Снег
Шрифт:
— Это не пьеса, это — начавшаяся революция, — сказал он назидательным тоном. — Мы сделаем все для нашей родины. Верьте славному турецкому войску! Солдаты, уведите их.
Двое солдат увели двух бородатых «реакционеров», стоявших на сцене. И, когда другие солдаты перезаряжали ружья и направляли их на зрителей, на сцену выскочил какой-то странный человек. Он был странным, потому что по его торопливым и некрасивым движениям, совершенно не годившимся для сцены, было понятно, что он не актер и не солдат. Многие жители Карса посмотрели на него с надеждой, ожидая, что он скажет, будто все было шуткой.
— Да здравствует республика! — закричал он. — Да здравствует армия! Да здравствует турецкая нация! Да здравствует Ататюрк!

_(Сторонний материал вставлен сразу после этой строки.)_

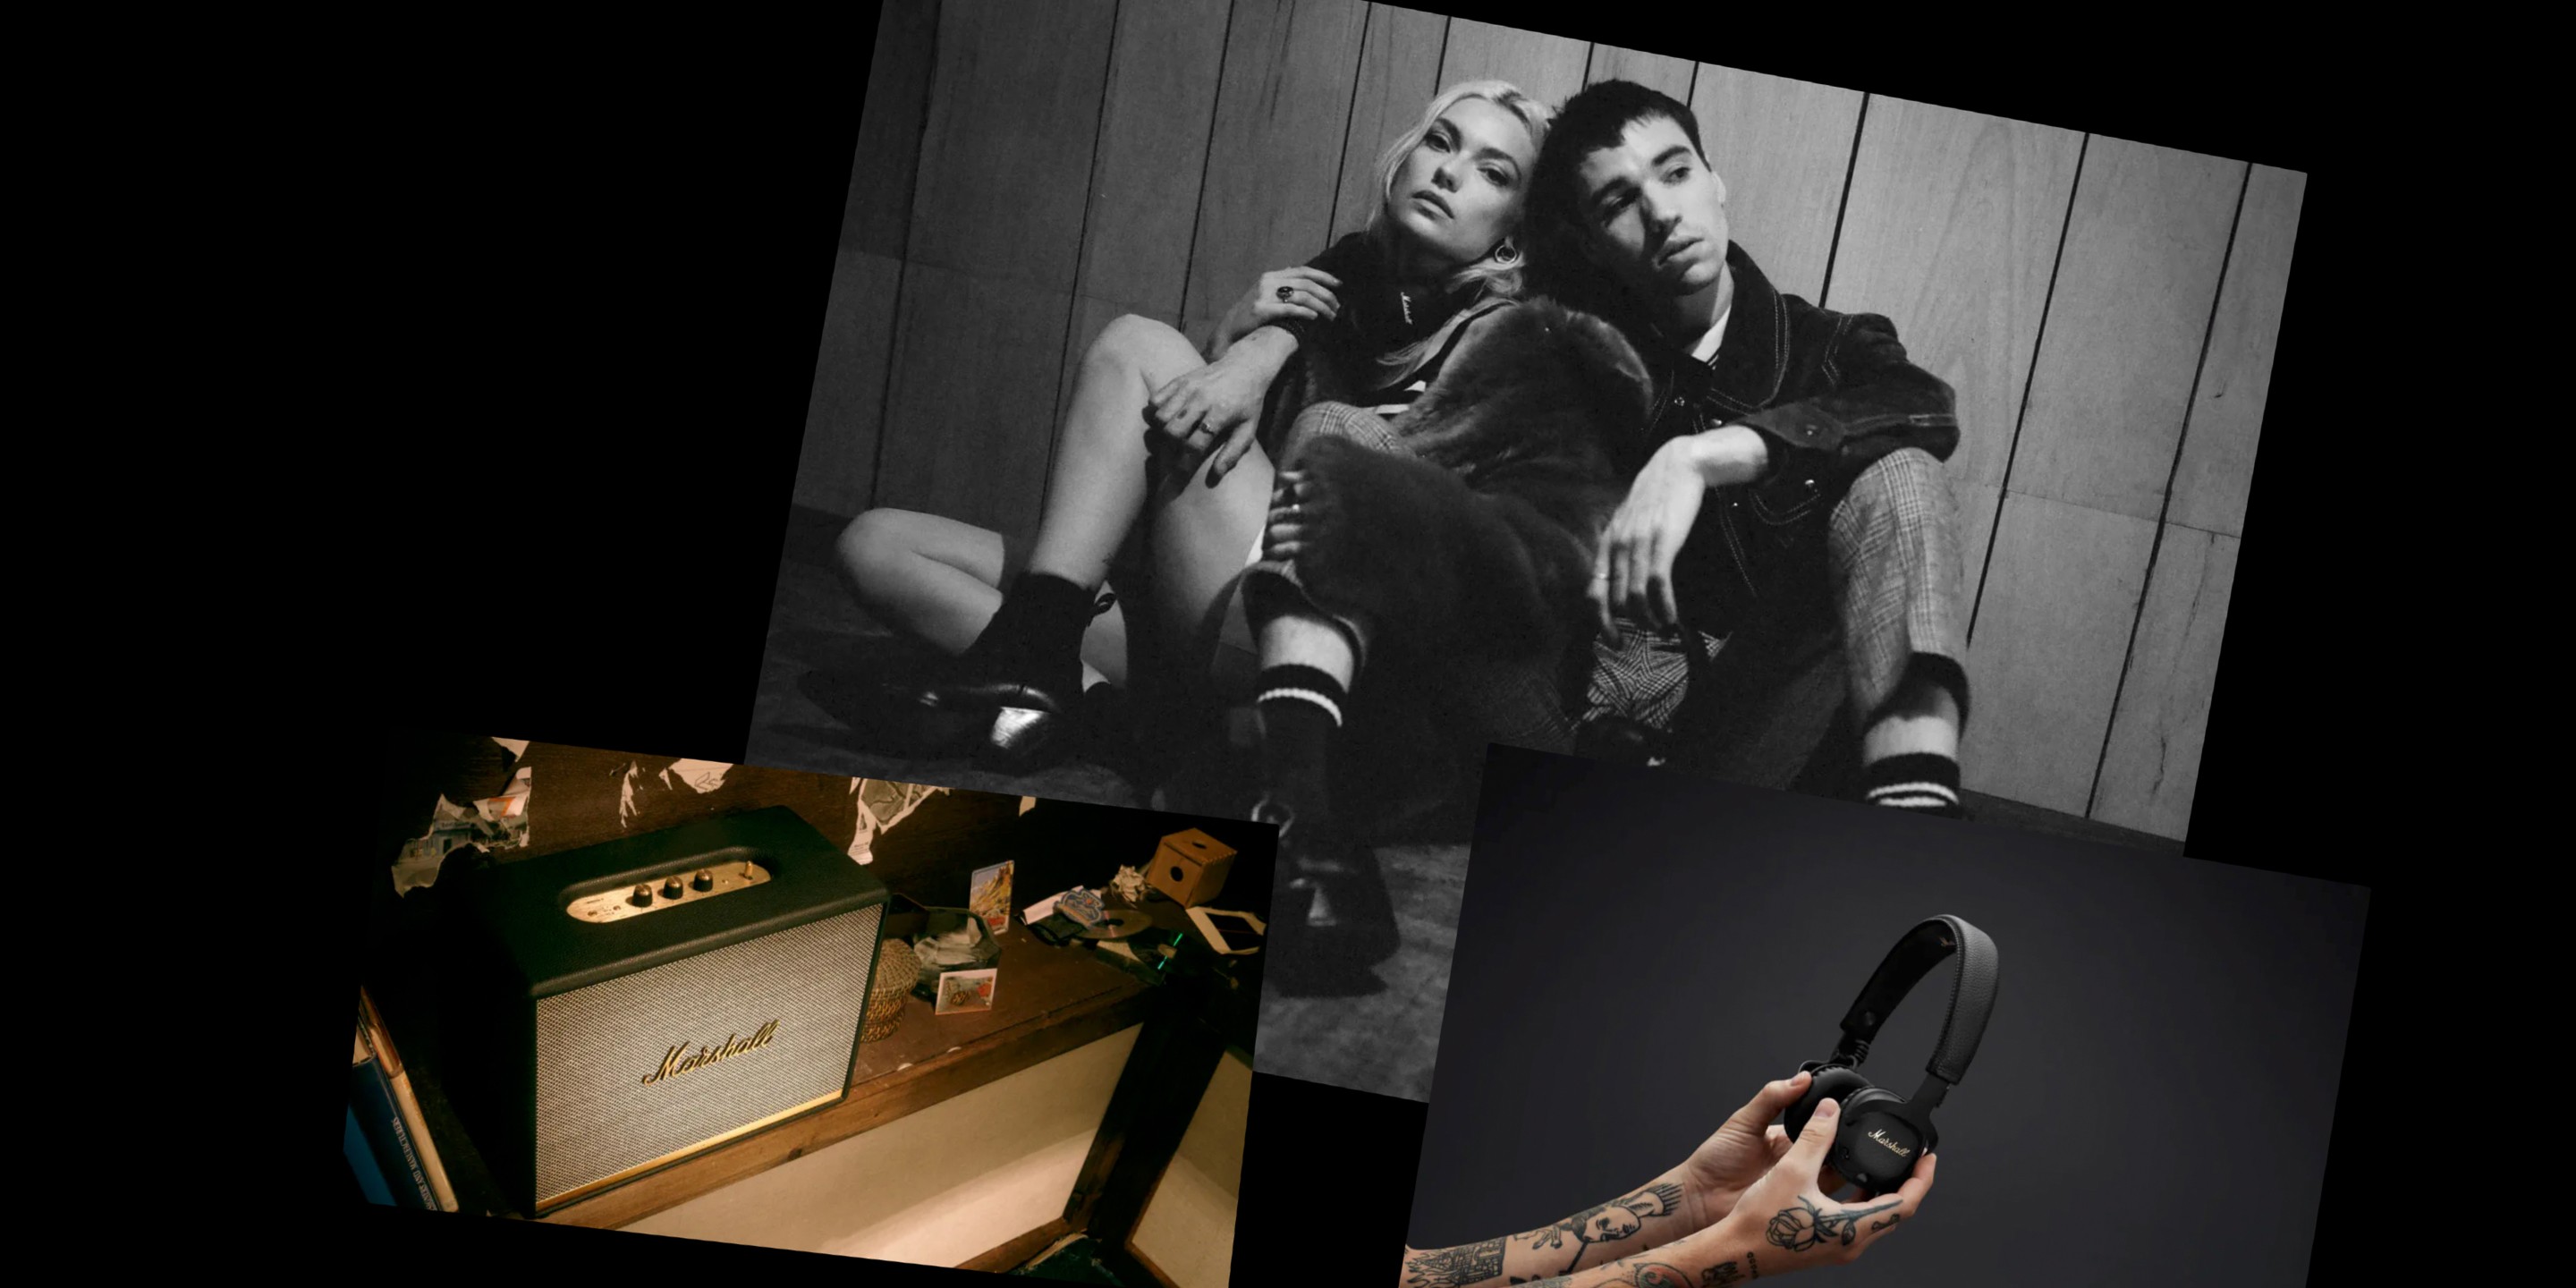 Collage aus drei Fotos, die einen Marshall Home Speaker und einen Marshall Black Headphone zeigen.

Занавес начал медленно закрываться. А этот человек вместе с Сунаем Займом сделал два
— Будь прокляты мракобесы! — сказал он и по лестнице спустился в зрительный зал. Следом за ним показались еще двое человек с ружьями в руках. Пока солдаты держали под наблюдением студентов лицея имамов-хатибов, эти трое вооруженных людей, не причинив никакого вреда зрителям, в страхе смотревшим на них, решительно выкрикивая лозунги, бросились прямо к входной двери.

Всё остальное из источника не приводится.